On The Road With RL Reeves Jr: 2018 La Fete Des Vieux Temps in Lafourche Parish
Cheramie spent 54 years hewing boats from hunks of wood on Bayou Lafourche.

Lafourche Parish dance hall
Men like Mr Rodney are a dying breed in Acadiana and it’s a pleasure to listen to him tell his stories. On trapping back when Moses was young: “We skinned them muskrats and threw the meat in the water. You didn’t have to watch out for gators but the water was thick with cottonmouth snakes.”
Festival of Old Times is a linear progression of the old Sauce Piquante Festival that had a multi-year run before sputtering to a halt three decades ago. We travel from New Orleans each year to visit and spend some time with the Cajuns down on Bayou Lafourche.

Rodney Cheramie and his stash of fresh pig’s blood in Lafourche Parish
Mr Cheramie commands the festival’s boucherie.

A vessel of fresh pig’s blood in Lafourche Parish Louisiana
Mr Rodney’s crew then slowly cooks all the bits of the creature and the crowd eventually feasts just like they have in Acadiana for centuries. Cheramie’s son Rodney Jr will take control of the venture at some point as his daddy is 78 years old, and will lay down his butcher knife when he “gets old”

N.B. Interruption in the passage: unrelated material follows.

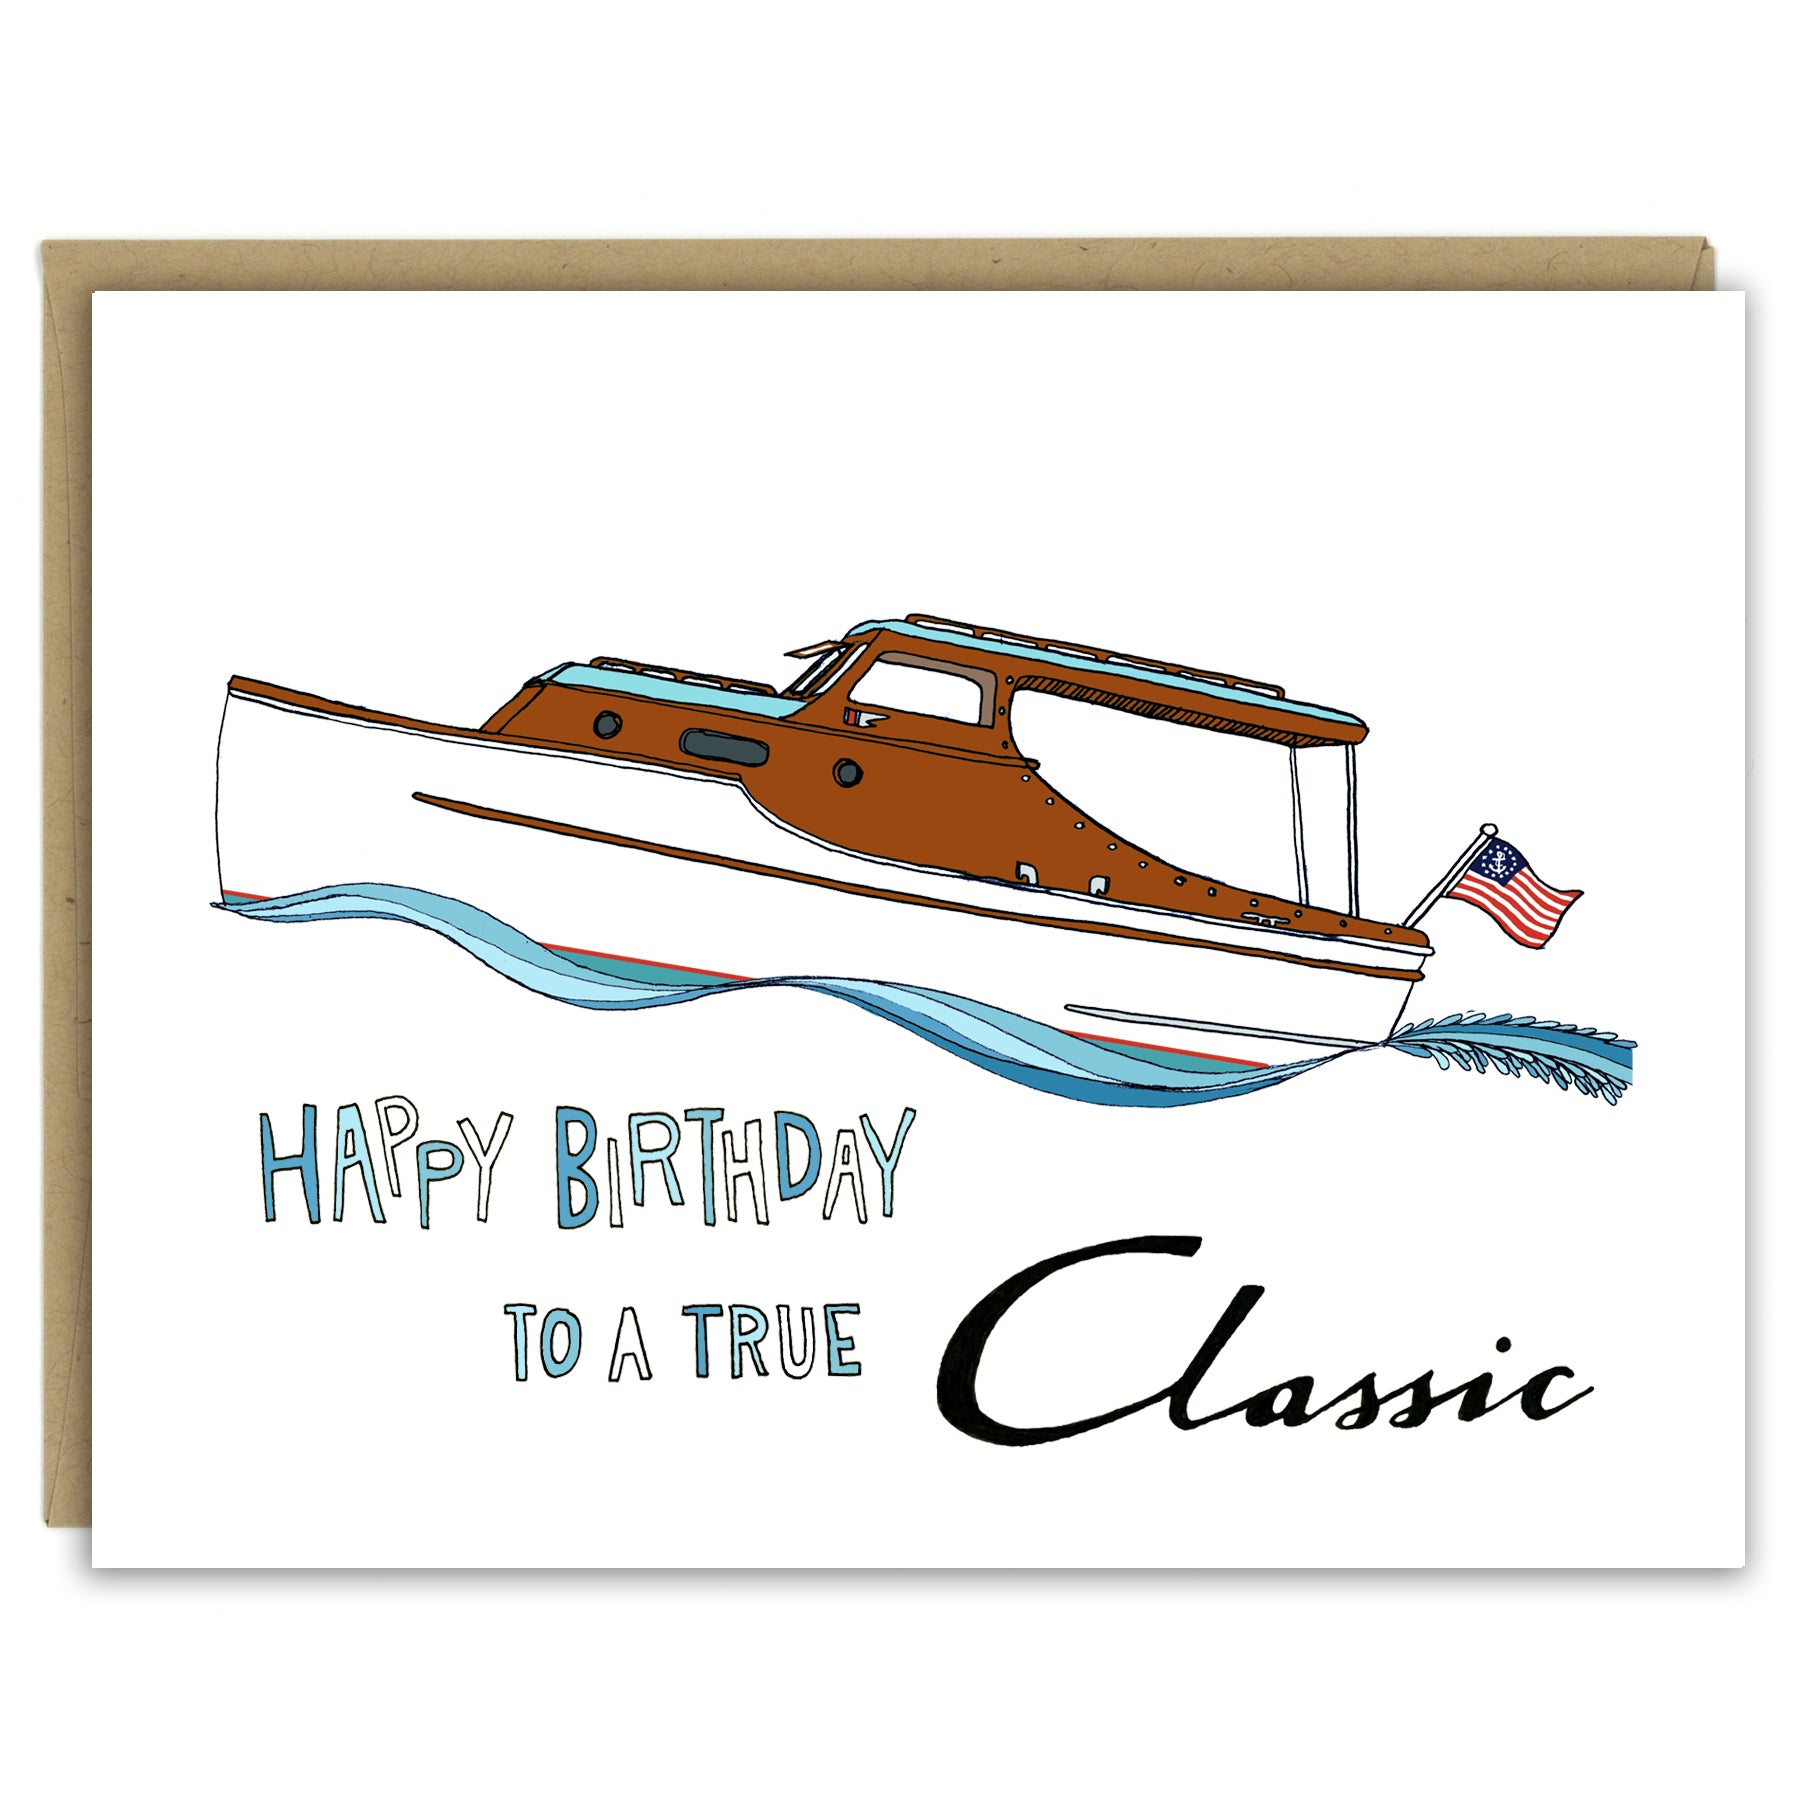 A greeting card with a hand-drawn illustration of a classic Christ Craft boat riding high in the waves with an American flag flying on the stern. A hand-lettered message reads, "Happy Birthday to a true Classic." Shown with a Kraft paper envelope on a white background.

One of Rodney Cheramie’s helpers stirs a pot at Festival of Old Times in Lafourche Parish
Where does he go when he’s in the mood for some commercial boudin?

Rodney Cheramie and his son Rodney Jr at Festival of Old Times in Lafourche Parish

A cauldron of cracklins at La Fete Des Vieux Temps in Lafourche Parish Louisiana
Was it all the boudin that made your heart go out? He laughs, I guess it was all that pig I ate.

A friendly carnie at Festival of Old Times in Lafourche Parish
Cheramie gets up to tend to the blood stew. The butchers have cubed the fresh pork meat and are simmering it over an open fire. He prods the meat to see if it’s time to add the hog’s blood he has on reserve in a ice chest. It’s not ready.

A well-worn machine gun at a carnie’s booth in Lafourche Parish Louisiana
I mentally imagine how many thousands of pounds of cracklins he’s cooked over the years.
When I was a kid visiting Louisiana in the 70s, boucheries were common affairs but nowadays when you get wind of one they feel like something special. That’s part of the Festival of Old Times mission: to educate the youth and make sure that they know about hog butchery and making cane syrup and all the other old-timey traditions.

Rodney Cheramie Jr at La Fete Des Vieux Temps in Lafourche Parish Louisiana
Near the boucherie tent a sauce piquante competition is taking place so I amble over and make my way down the row of booths chatting with the cooks. Alligator, pork, rabbit and turtle are on offer.

A scene from the boucherie at La Fete Des Vieux Temps in Lafourche Parish
Lafourche Parish lost something special when the Sauce Piquante Festival folded up but La Fete Des Vieux Temps has slid into the role nicely. We run down to the bayou a few times a year to visit with Sergis Adams at his little country market, hit the Gheens Bon Mange Fest or French Food Festival. It’s only 45 minutes from New Orleans but you may as well be on another planet as the pace and way of life are worlds apart.
I prepare to leave as a small child walks by Cheramie gestures towards him “he’s gonna be running these boucheries soon. This is our future.”